With that said,if America invaded Pakistan this could help to contain both China and India., while also keeping an eye of Afghanistan, and by default Iran.
As Pakistan is considered a failed state, and the US has already set a precedent for invading countries ( in Iraq it was weapons of mass distraction ask Colin Powell, he spoke to the UN General Assembly).
In Pakistan there is no hypothetical, there are weapons of mass destruction.
The only thing is that the American don't realize how tricky the Pakistanis are.
The ISI ( Pakistans spy agency and a state within a state)
has been playing both sides for along time, and as creatures of habit they are not likely to change.
I think we are at the end of the first act in the Great Game III.
This will be the scenario over the next six months.
1.Pakistan will become so unstable ( right now there are more than 1 million internally displaced people)
2. The Pakistan Government will be forced to "invite" the Americans to " care take the nuclear stockpile"
3. The Americans will have no choice but to agree as per their role as the Global policeman.
This move will further weaken America ( remember Rome)
In a few years China will get adventurous as they will need to find wives for all their single men( direct result of the one child policy) and will invade neighbouring countries on that pretext.
 
seth
I note you include a link to an article by that most despised American, former Green Party leader, Ralph Nader, where he discusses nuclear energy and proliferation. I hate articles where nobody gets to comment because the back and forth usually brings out the truth behind the author's BS/agenda. And this article had a lot of it.

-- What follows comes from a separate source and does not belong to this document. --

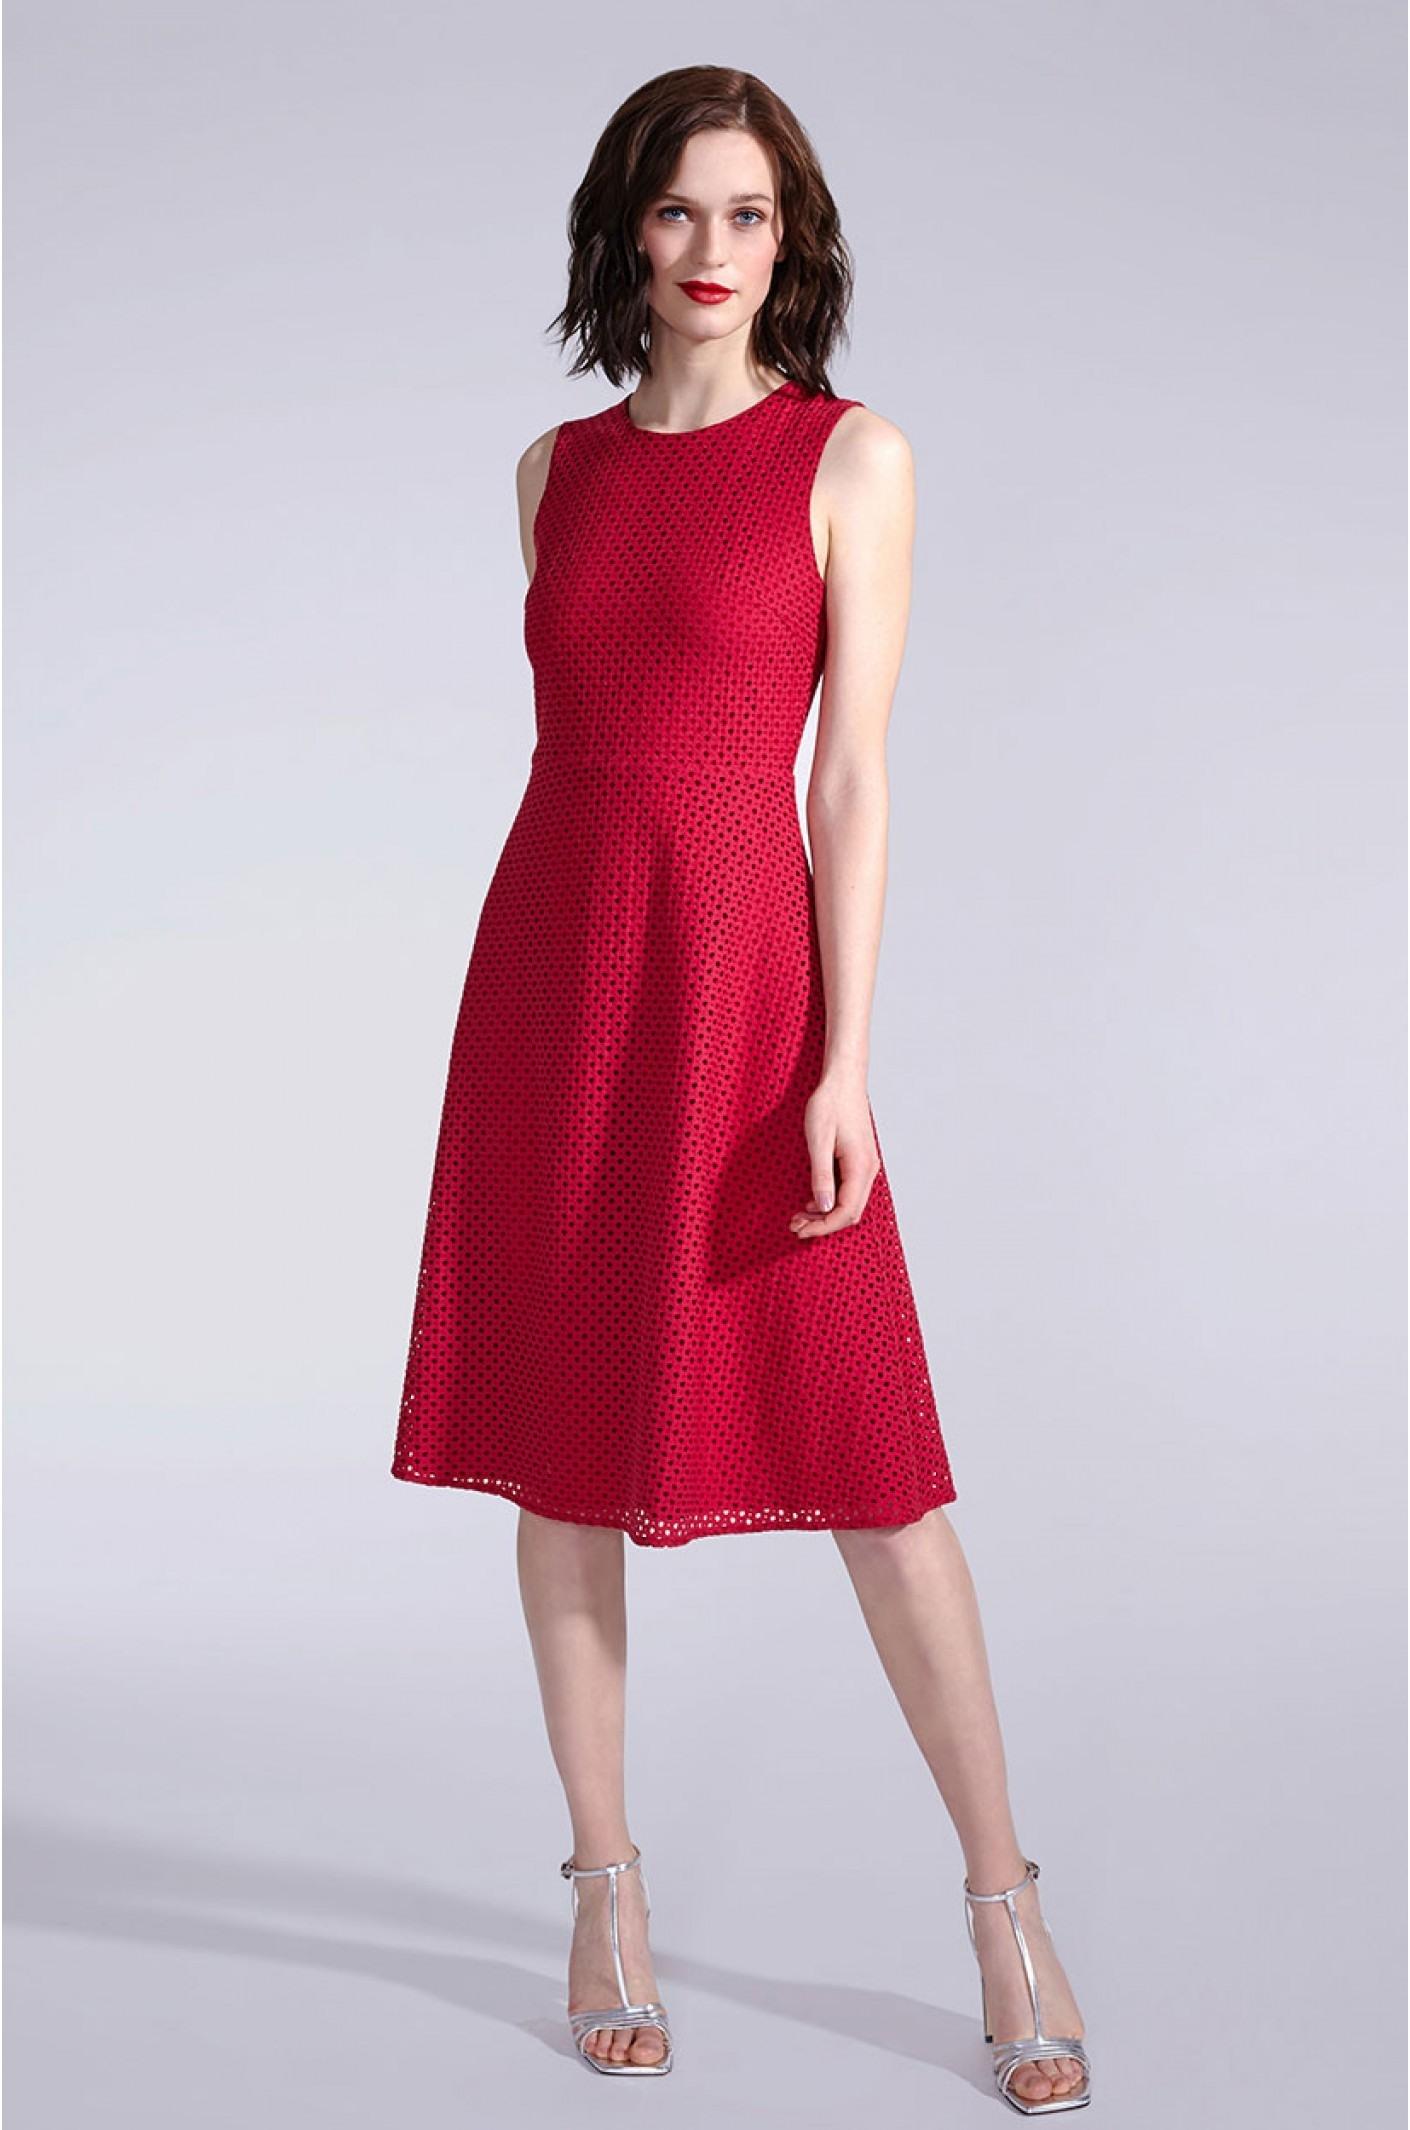 13 Schön Kleider Hochzeitsgäste Online Shop Spezialgebiet20 Top Kleider Hochzeitsgäste Online Shop für 2019

Nader mentions "well-known physicist", environmentalist Amory Lovins who is against nuclear energy based on economics. Typical Green Party disinformation. Lovins is neither a physicist not an economist and doesn't have a clue. Sort of a global warming denier working in the nuclear field.

Remember Green Party leader Nader was the guy that elected George Bush by siphoning off 5% of Al Gores vote. Smart move.

http://nucleargreen.blogspot.com/2008/06/amory-lovins.html
seth
 
The Patty Stacker
Charlie,
I think your friend may be onto something.
Read the link below, yeah I know its CanWest's westcoast rag, but its actually a reuters piece


http://www.vancouversun.com/news/offers+Pakistan+Swat+fighting+continues...
 
naneesh
The world is most secure being a handful or two of large nations. The US should occupy Pakistan to liquidate it, make the Punjab and Sind join the Union of India, then hand control of the nukes to India. That's the best way forward for the Pakistani people. Within 20 yrs, they'll be a lot richer and freer.
Then Bangladesh and Nepal should be "encouraged" to apply for membership of the Union. A strong India is a good counterbalance for a strong China.
 
FrankGSterleJr
If I was an American citizen, I would have voted for U.S. President Barack Obama, but now would be close to regretting it.
It seems that Obama’s promise to expose photos proving immoral, inhumane treatment of Arab prisoners by U.S. soldiers is now null and void; likewise reversed is his promise to close down that torture chamber known as Guantanamo Bay.
It would appear that the U.S. military establishment (and other powers that be) has successfully reached into the White House and considerably altered Obama’s just, moral political itinerary.
Perhaps he does not want to go the way of JFK’s governing decisions and ultimate fate.